The effect of amino acid substitution at position 219 of Citrobacter freundii cephalosporinase on extension of its substrate spectrum

Abstract

The cephalosporinase of Citrobacter freundii GN346 is a class-C beta-lactamase comprising 361 amino acids. The substitution of the glutamic acid at position 219 in the enzyme by lysine was previously shown to broaden its substrate specificity to unfavorable substrates such as oxyimino cephalosporins [Tsukamoto, K., Ohno, R. & Sawai, T. (1990) J. Bacteriol. 172, 4348-4351]. To investigate the cause of this phenomenon, Glu219 was changed to glutamine, cysteine or tryptophan.
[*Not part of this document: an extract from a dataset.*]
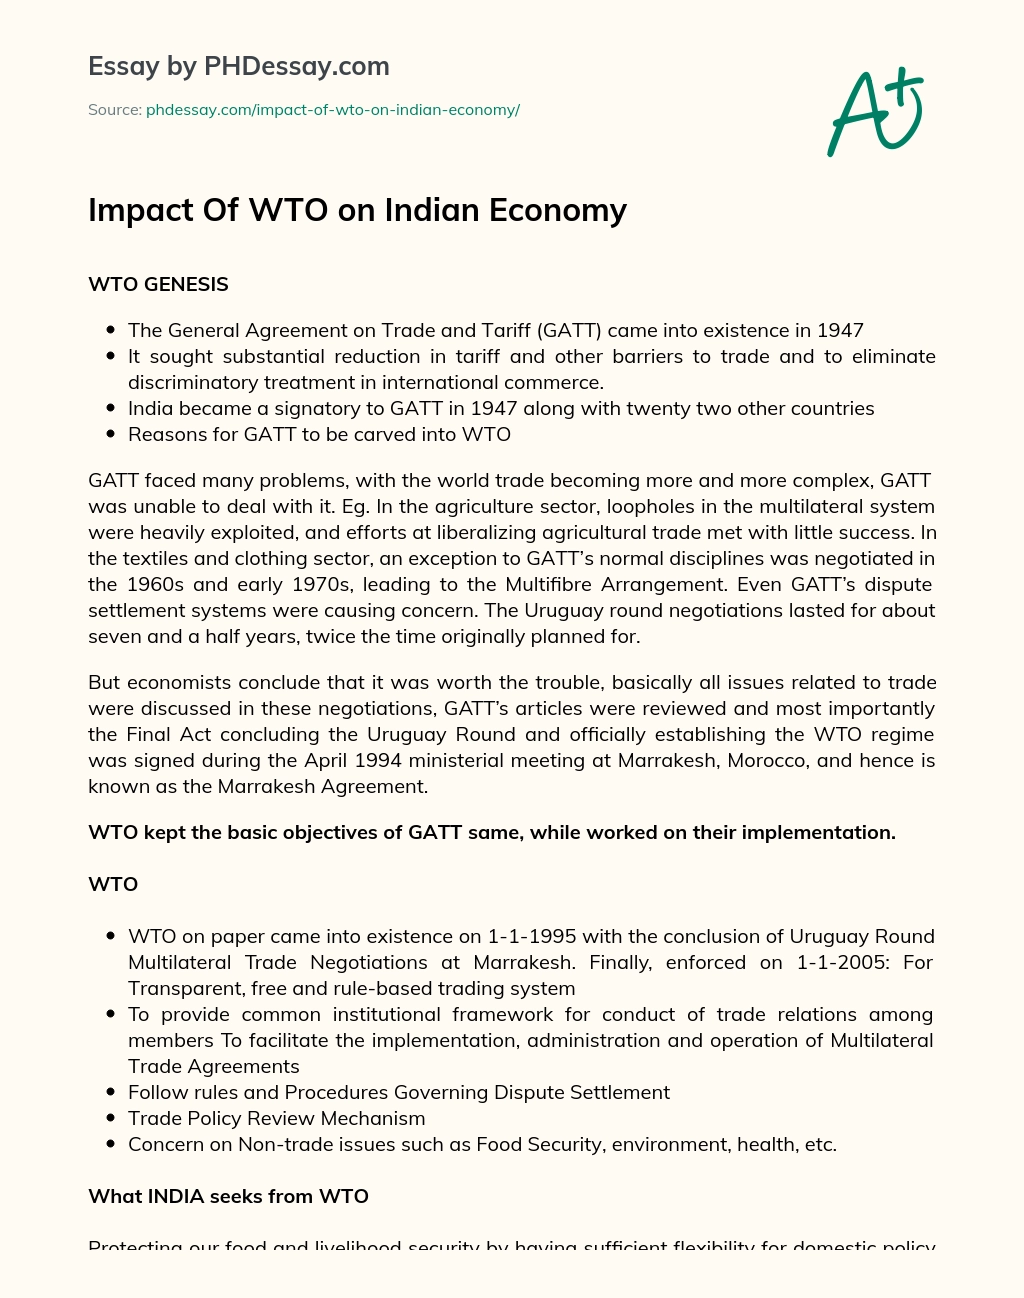 Impact Of WTO on Indian Economy essay

All the resultant enzymes showed higher cefuroxime-hydrolytic activities than the wild type, the order of increasing cefuroxime-hydrolytic activity being as follows: Trp greater than Lys greater than Cys greater than Gln greater than Glu. The rate of hydrolysis of cefuroxime by the Trp219 enzyme was approximately 3 x 10(4) times that of the wild-type enzyme. The order of increasing cefuroxime hydrolysis was approximately proportional to the molecular volume of the amino acid substituted and independent of the ionic character of the amino acids. The cysteine residue at position 219 in the Cys219 enzyme allowed its complete reaction with an SH-blocking reagent, 4-chloromercuriphenylsulfonic acid. The modified enzyme with the bulkier residue showed a 45% higher cefuroxime-hydrolytic activity than the untreated enzyme. These results suggested that extension of the substrate spectrum may be attributed to alteration in the configuration of the enzyme around position 219.